Raqs Nerd: on physicality, and being human


Raqs Nerd: on physicality, and being human

What does it mean to be human? And what makes a human being irreplaceable, in the creative arts?

These are questions I've asked myself a lot recently.

We've all, by now, seen how online spaces are being increasingly flooded by a rising tide of machine-generated text and imagery. And increasingly, machine-generated music and video too. Being online has begun to often feel to me like being a lone human being, surrounded by an endless sea of mindless, babbling large language models.

I have recently encountered bellydance performances to AI-generated music at haflas... And back in February, Chinese robotics firms showcased humanoid robots which performed acrobatic dance moves on stage, and choreographed duets with human dancers.

So against this backdrop - what is our purpose, as dancers, as artists? How do we continue, in a world where anything that has been created before, can be mashed up and put back together again on demand by a computer?

I realised I do already know my own answer, deep down. It has been, for some time, the philosophy behind everything I do:

Our dance, our creation, must be about genuine felt connection between human beings.

Being flawlessly pretty, being polished, being technically impressive, doing something you can replicate perfectly evrey time - soon enough, a large language model will be able to generate a choreography precisely engineered to be as elegant and dramatic and impressive as possible, and a robot will be able to perform it.

But I would have little to no interest in watching that robot (after some initial curiosity about the impressive engineering and mechanics of the thing, I suppose). Would you?

Your surface-level beauty, and that of your dance, isn't what makes it profound on a human level. Nor the complexity, nor the technical perfection.

When I watch a great Raqs Sharqi dancer, I notice that I literally feel their movements as if I were doing them in my own body. It is visceral. I feel them deep in the core; in the solar plexus; in the places where emotions live.
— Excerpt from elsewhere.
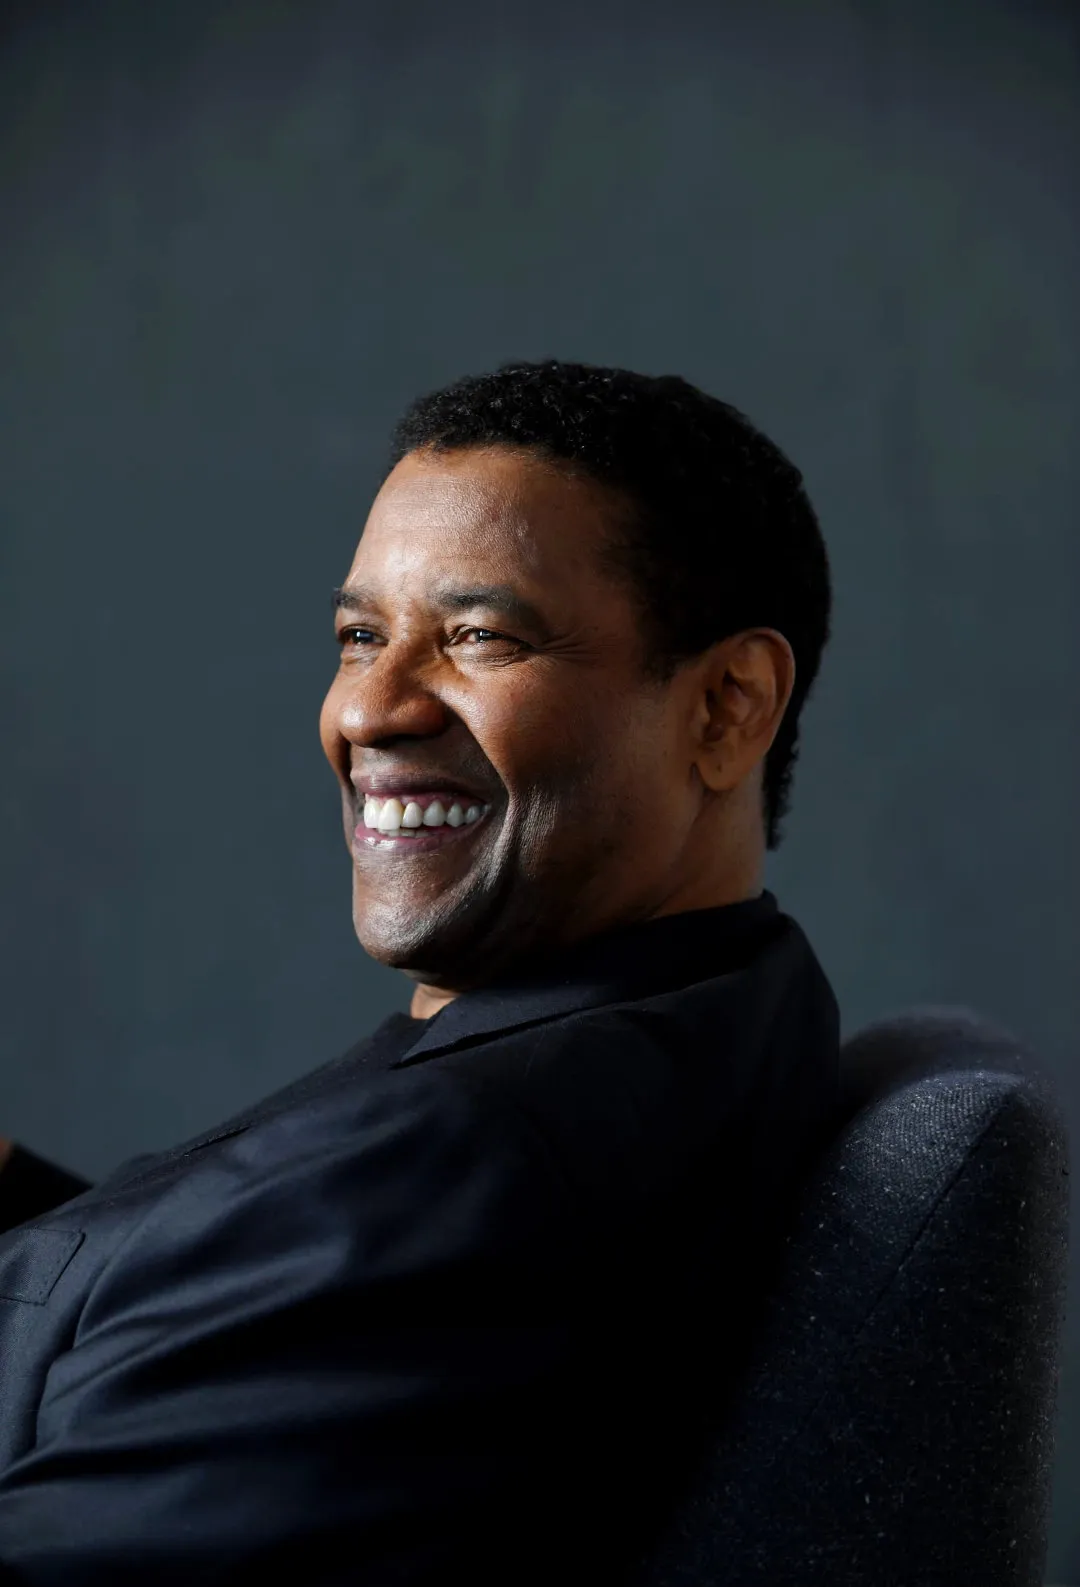 Denzel Washington diagnosed with new crown and miss the "Presidential Medal of freedom" award ceremony | FMV6

It is not only that these dancers communicate emotion in the ways we might normally think of - words, expressions, gestures, and the like. It is that they create such a powerful sense of physical embodiment that it resonates in the bodies of others, below the radar of consciousness - nervous system to nervous system. The dancer is flesh, blood, bone, sinew, nerves and mind, muscles and soul. And so are we all.

Scientifically speaking, I think this has to do with the work of mirror neurons, which I have read a lot about in the past because they are really important for motor learning. But I'm more interested in the experiential side of things here.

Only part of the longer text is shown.